▶ _INFORMATION SUPPLIED_:
============================================================
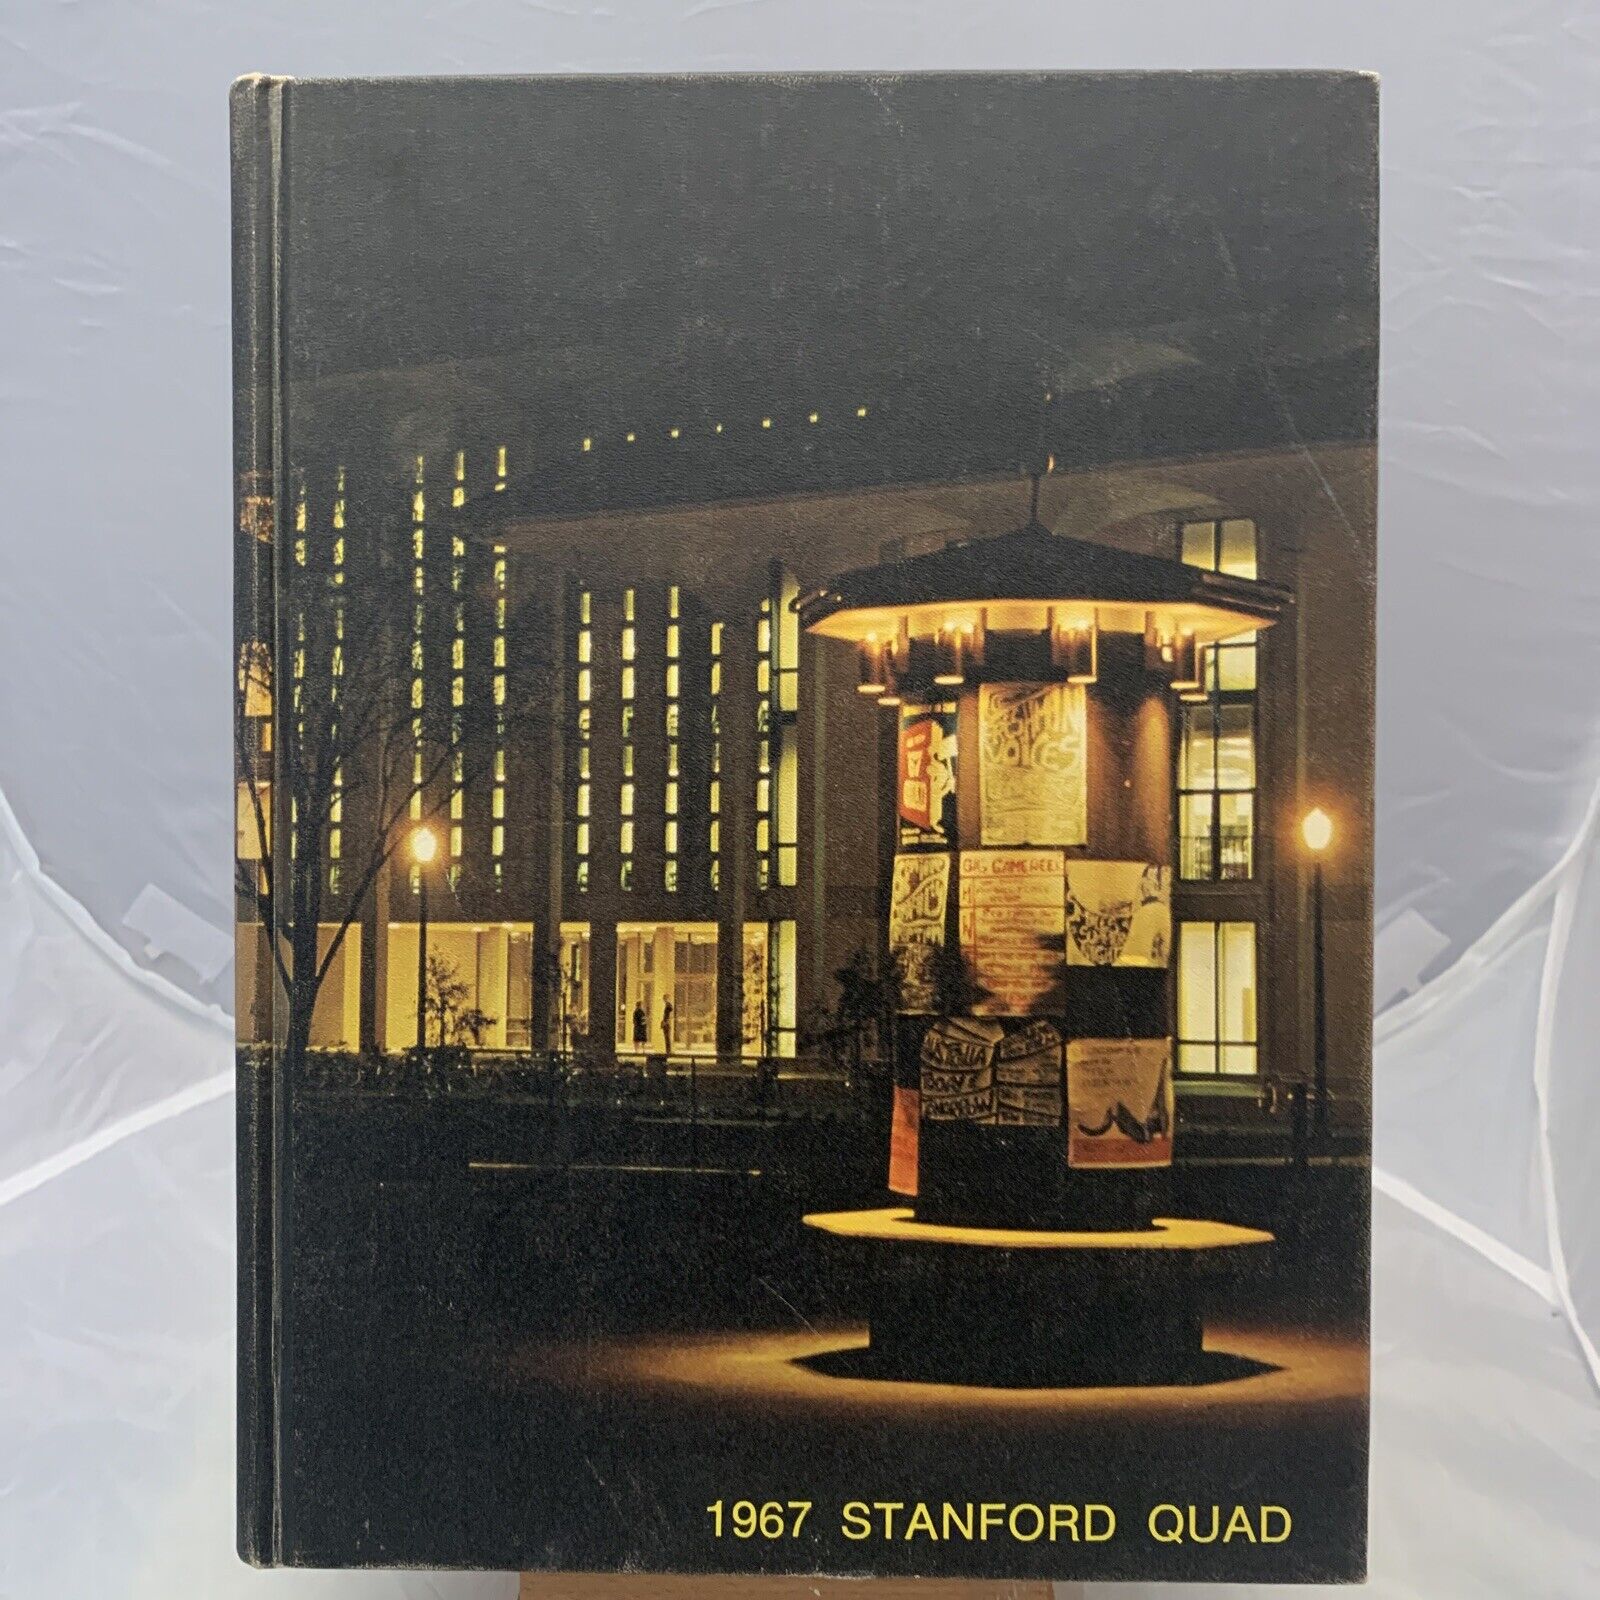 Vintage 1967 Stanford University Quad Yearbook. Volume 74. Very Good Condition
============================================================
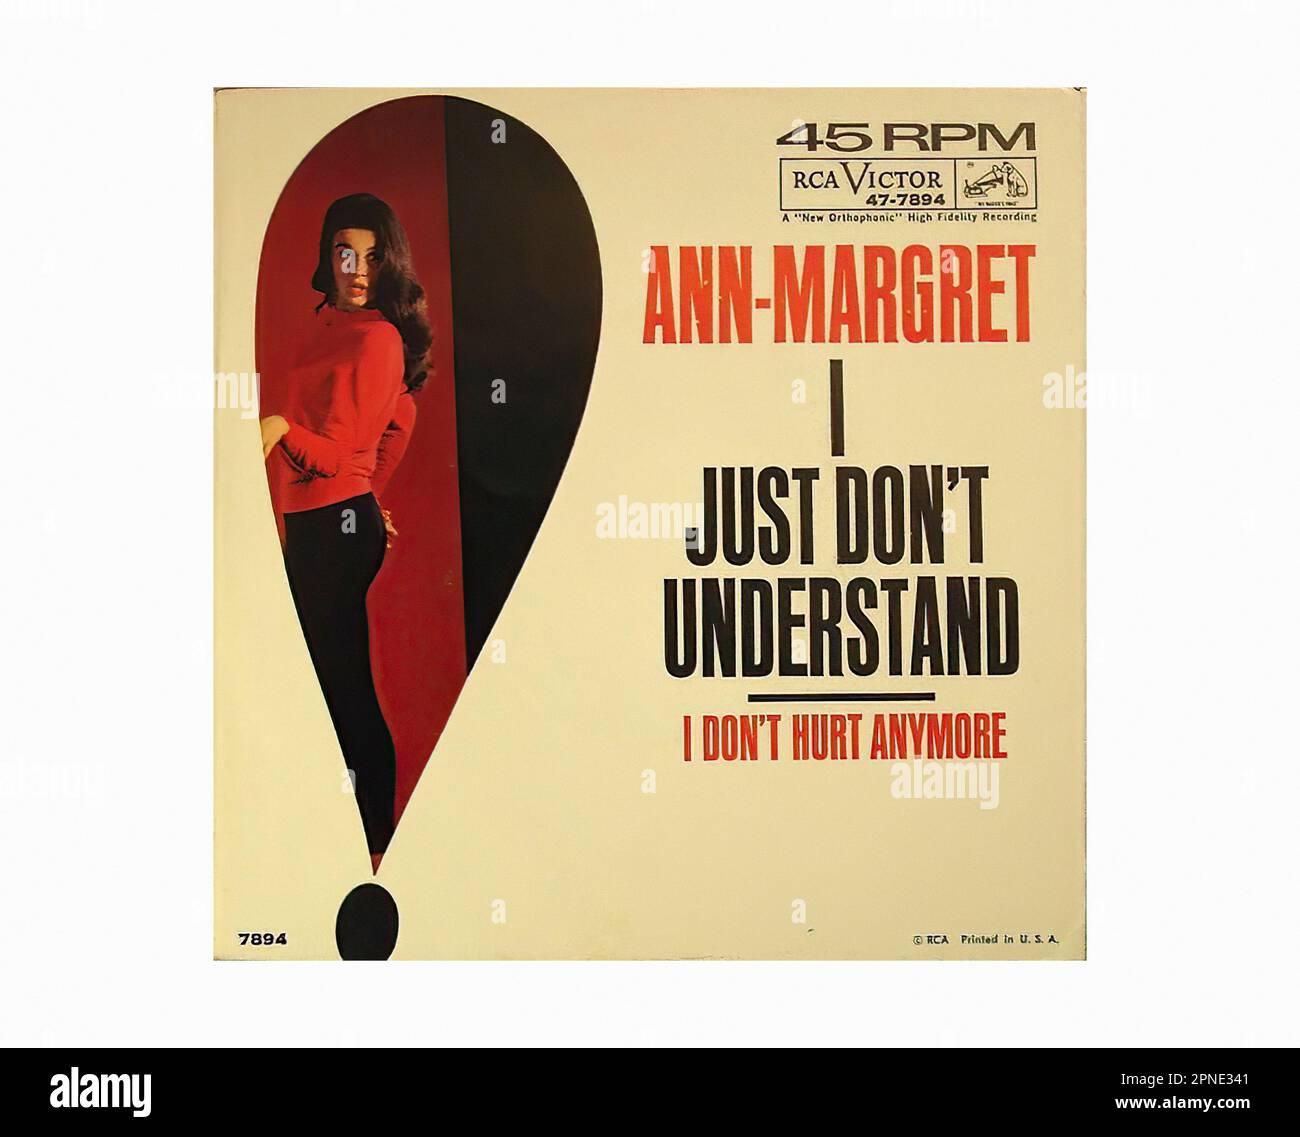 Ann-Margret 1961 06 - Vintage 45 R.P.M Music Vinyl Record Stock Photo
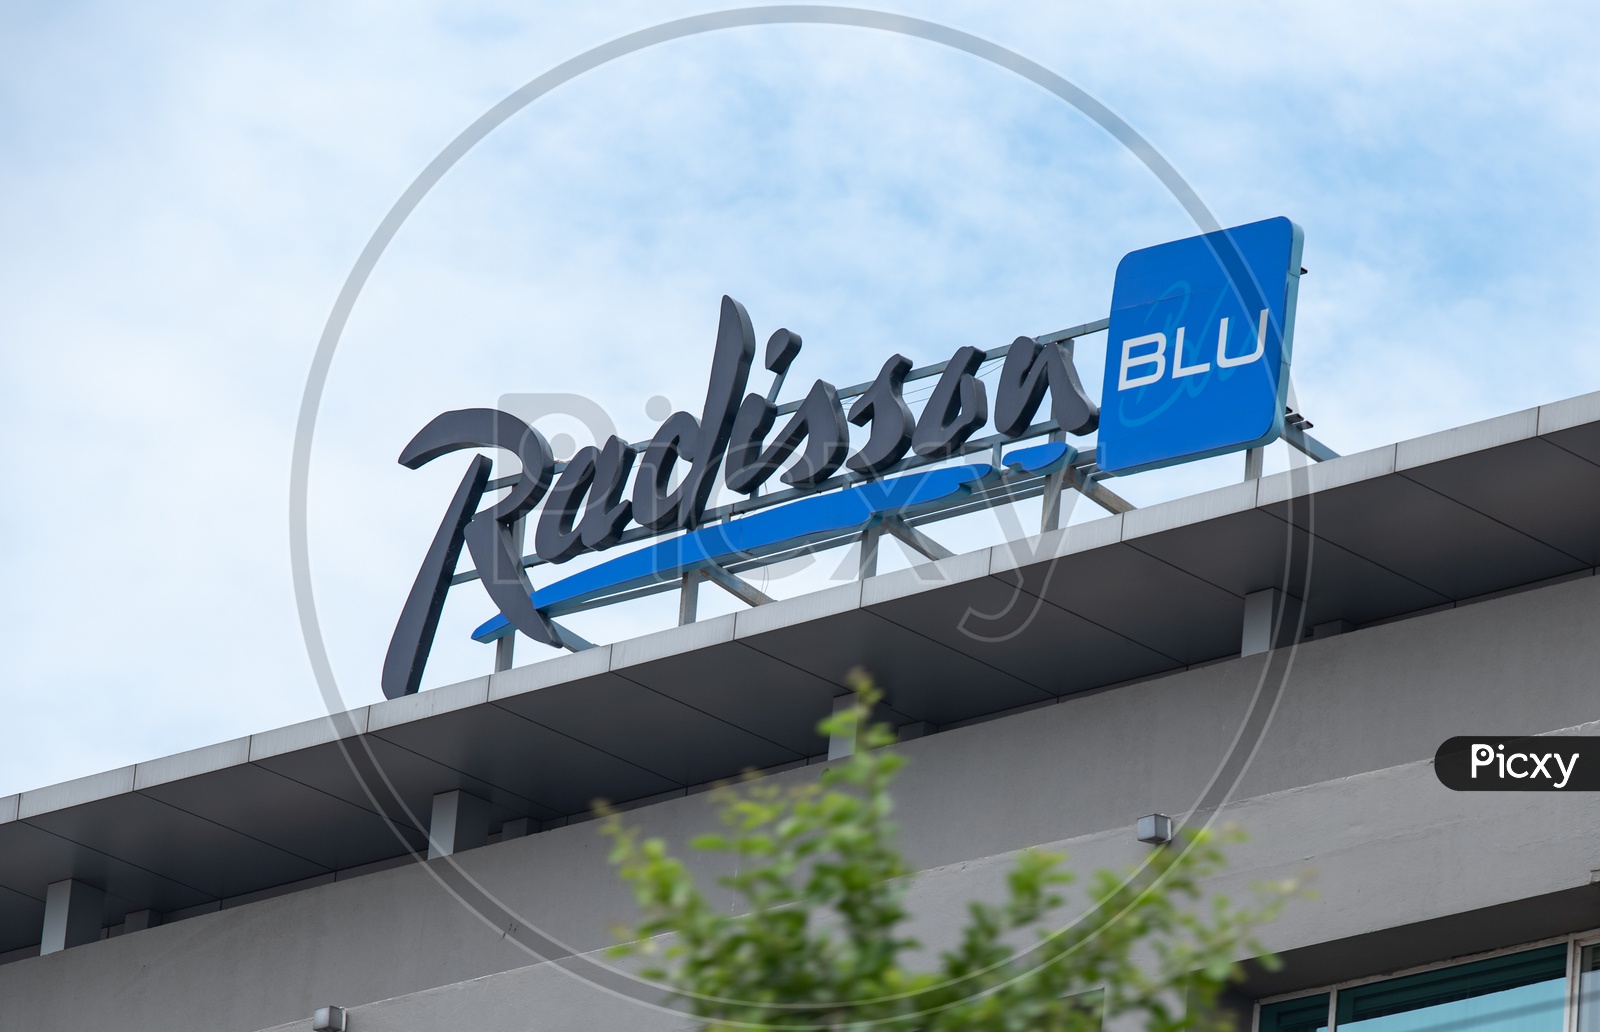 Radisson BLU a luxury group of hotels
============================================================
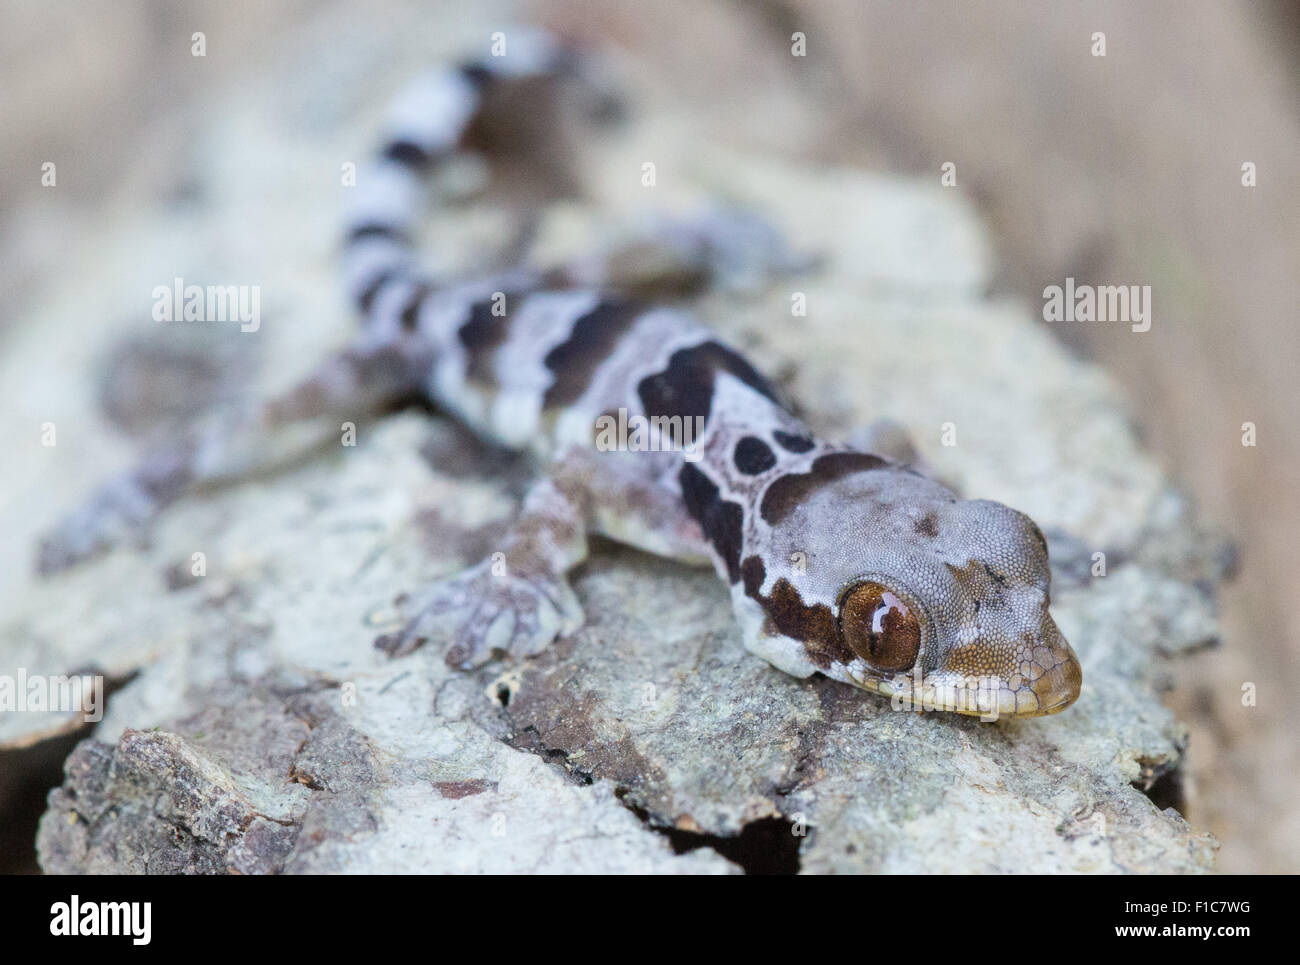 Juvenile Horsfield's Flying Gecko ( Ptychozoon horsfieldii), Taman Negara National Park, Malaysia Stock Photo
============================================================
▶ _WORK ITEM_: Within the material above, only the stretch from the line holding "Ann-Margret 1961 06" through the line holding "Radisson BLU a luxury group of hotels" is to be restated exactly. Pictures are dropped.

▶ _SOLUTION TO THIS TASK_:
 Ann-Margret 1961 06 - Vintage 45 R.P.M Music Vinyl Record Stock Photo
 Radisson BLU a luxury group of hotels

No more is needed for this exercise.